Donald J. Welch, Ph.D. Interim VP and Chief Information Officer, PennState University
Most of us in cybersecurity see a vulnerability and want to close it immediately. We can come up with a reason and catalog the many bad things that will befall the individual, their department and the university if this vulnerability isn’t mitigated immediately. From our perspective the risks are unacceptable. Mitigating the vulnerability is the right course of action.
Sometimes these mitigations are intrusive, cumbersome or expensive. They impose a cost on our mission. Our user population has built their careers by learning and problem solving. They make their own cost/benefit analysis and when they don’t see the value, they question the security team’s judgement. In some cases, they apply those problem-solving skills to circumvent the control. At times, the workaround is worse than the original vulnerability.
Higher ed values openness and sharing. Our faculty look to information technology to help them collaborate more easily, especially with those outside of their institution. Their default mode is to share rather than protect. This is still true even though more and more academics understand that intellectual property theft is happening and the harm that theft causes. Destruction of information through ransomware is also more common and universities are not immune. As with most human endeavors, we must strike the right balance.
"We can’t just look for and compensate for vulnerabilities. We have to take the measure of all our controls, think strategically about the risk and make the choice that is not too much, not too little, but just right"
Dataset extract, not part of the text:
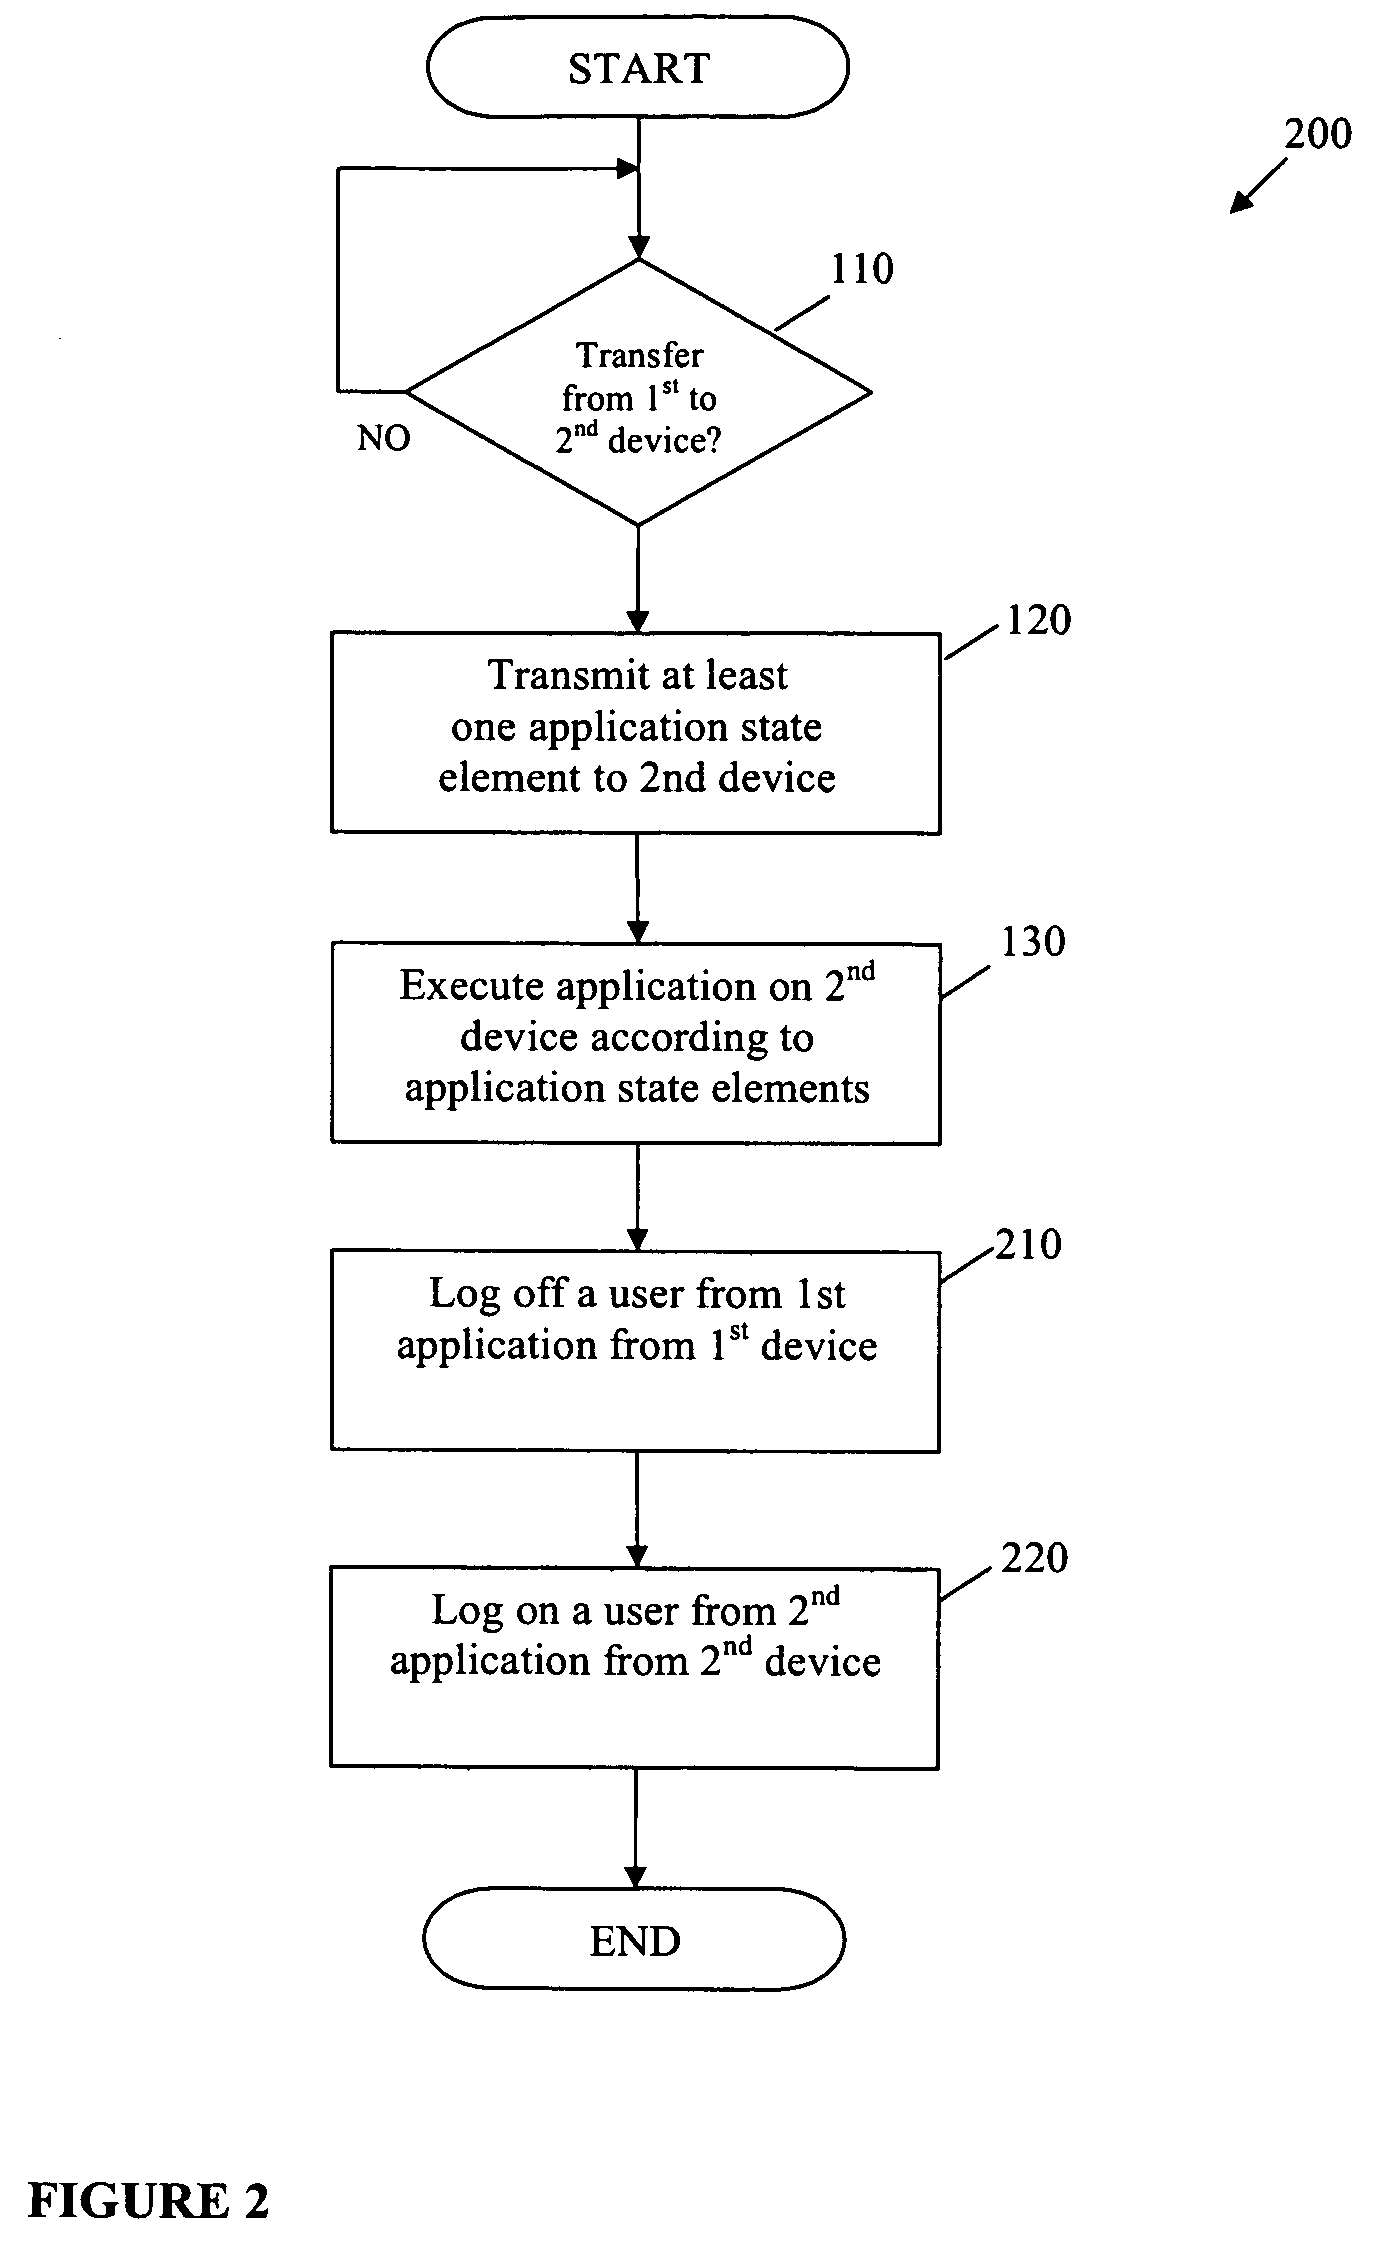 Method and system for transferring an application state from a first electronic device to a second electronic device

Life is not without risks and cybersecurity is no exception. The challenge for the security team is to balance risk with enablement. Finding the right balance with anything is difficult, but that is what CISOs get paid to do. If you err with security controls that are too tight one of two bad outcomes ensue. They either workaround the controls or they aren’t as effective researchers and teachers as they should be. When people are circumventing your controls, they are choosing which controls will not be effective. They might workaround one that underpins your entire security strategy. If your institution is really good at enforcing controls that are too restrictive then teaching and research will suffer. Of course, if you pick controls that too loose, we know all too well what can happen.
What we must do is understand the value a security control brings and the true costs of the control. The value must be considered in the context of all the other controls in your plan and the type of information it is protecting. The cost calculation must include the annoyance factor. The amount that a control gets in the way of a person trying to do their work is cumulative. Each individual has an annoyance threshold and when you pass that threshold the impact can be large. Somewhat like the proverbial straw that broke the camel’s back. One too many controls and the perception of your program drops while compliance with your program falls.
We can’t just look for and compensate for vulnerabilities. We have to take the measure of all our controls, think strategically about the risk and make the choice that is not too much, not too little, but just right.